Ah I see .. the problem is not 'how is it possible to get two
doExternal messages logged together',
it's that sometimes you get no doInternal requests inside a
doExternal, and you think this means that you will never get
doInternal's (rather than just being an artifact of the
scheduler). Seems plausible ... in which case we have a bug. I'll
modify the code to produce something that will actually deadlock to
prove that doInternal *never* gets called.
I modified -doInternal to increment a global variable, and -
doExternal to repeatedly run the runloop as logn as the variable was
unchanged from its value on entry ... thus forcing the program to
hang the first time -doExternal was entered and not accepting
requests for -doInternal.
It hung very quickly ... a convincing demonstration of the bug.
Turning on lots of debug in NSConnection, and running with the
GSLogThread user default set to YES (to include the thread ID in NSLog
() output), it was quite straightforward (though tedious) to plough
through the copious logs, compare them with the source code, and see
what was happening.
So, I can see what the bug is, and there is a workaround for your code.
The problem happens when the system is sending back a reply to a DO
message ... it writes that reply running the runloop in
NSConnectionReplyMode. Now, in order to allow callbacks over DO, the
connection allows incoming requests while it is in
NSConnectionReplyMode ... so it receives an incoming request for a -
doExternal before it manages to write the reply to the preceeding -
doInternal. This means that the thread (A) hasn't received a reply
to one request, so it can't start sending another.

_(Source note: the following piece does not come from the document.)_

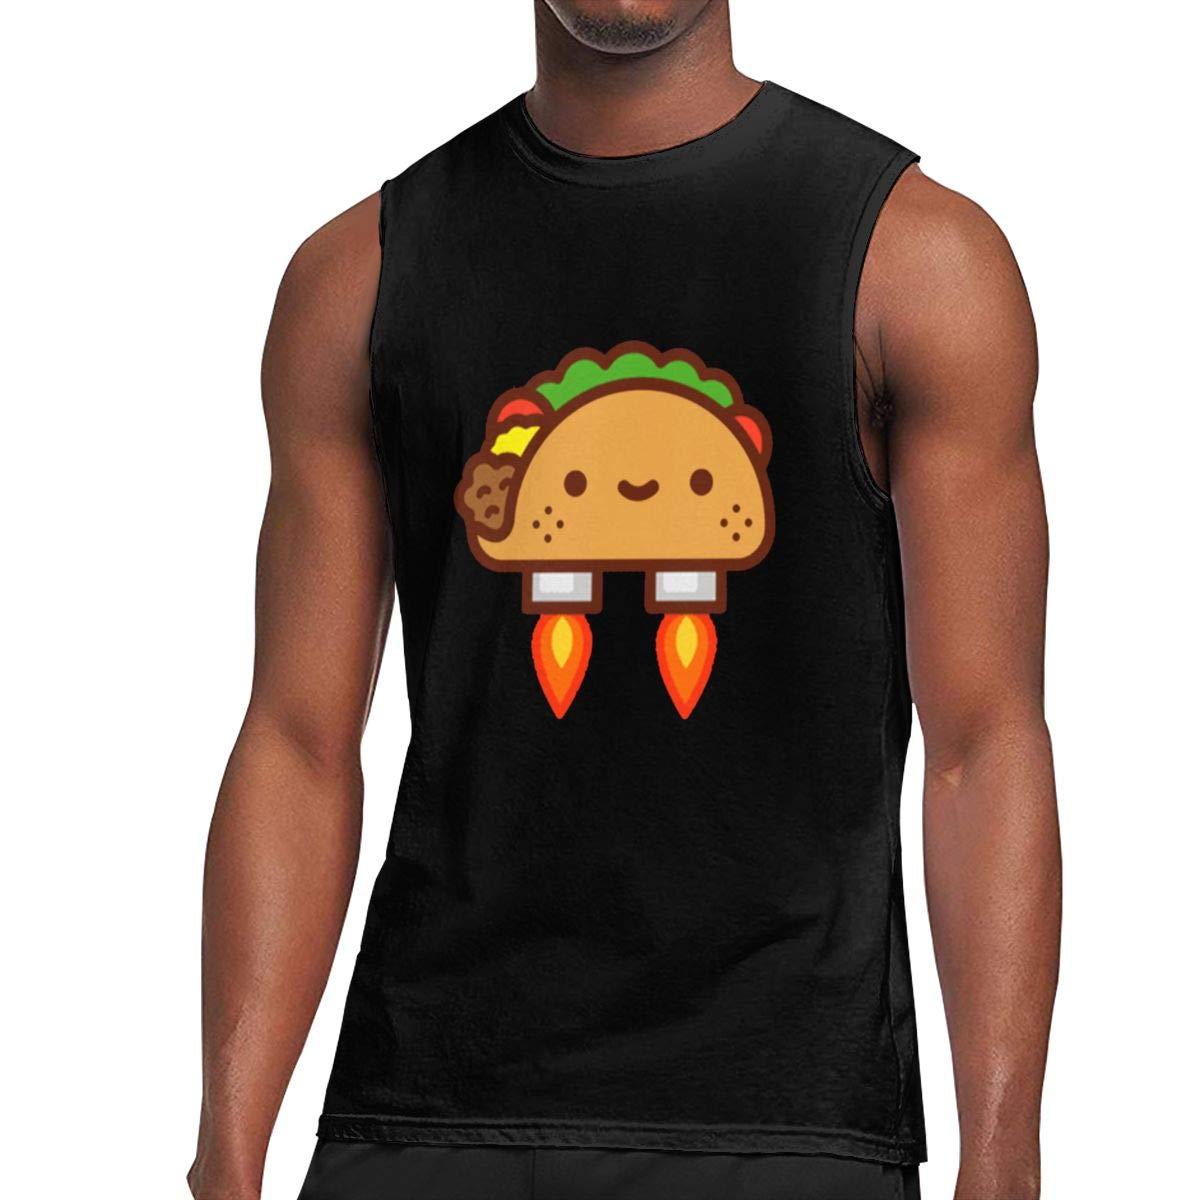 Seuriamin Tacos Rocket Humor Jogging Sleeveless Muscle Short Sleeve T Shirts

When -doExternal runs the runloop, it does so in
NSDefaultRunLoopMode ... but the write of the reply was not done in
that mode, so even though it needs to be sent, it won't be processed
by the runloop ... so the reply*never* goes back to thread A as long
as we are processing the -doExternal method, but as soon as -
doExternal completes (after 20 0.005 second runs of the loop in your
original code) control returns to the runloop in
NSConnectionReplyMode, the reply to the -dointernal is written, and
thread A can then send another request.
The workaround for your code is to have -doExternal run the loop in
NSConnectionReplyMode rather than in NSDefaultRunLoopMode of course.
However, I've cleaned up the port code a little in CVS (a lot still
to do) and incorporated the best fix I could think of ... to put
ports in both NSConnectionReplyMode AND NSDefaultRunLoopMode when
sending a reply. Ideally I guess the reply write should be sent out
whenever the runloop is run, irrespective of the mode it's in ... but
there is no mechanism to do that, so the only way I can think of
would be to hack in a private api to NSRunLoop to do it ... I'd
rather not do that.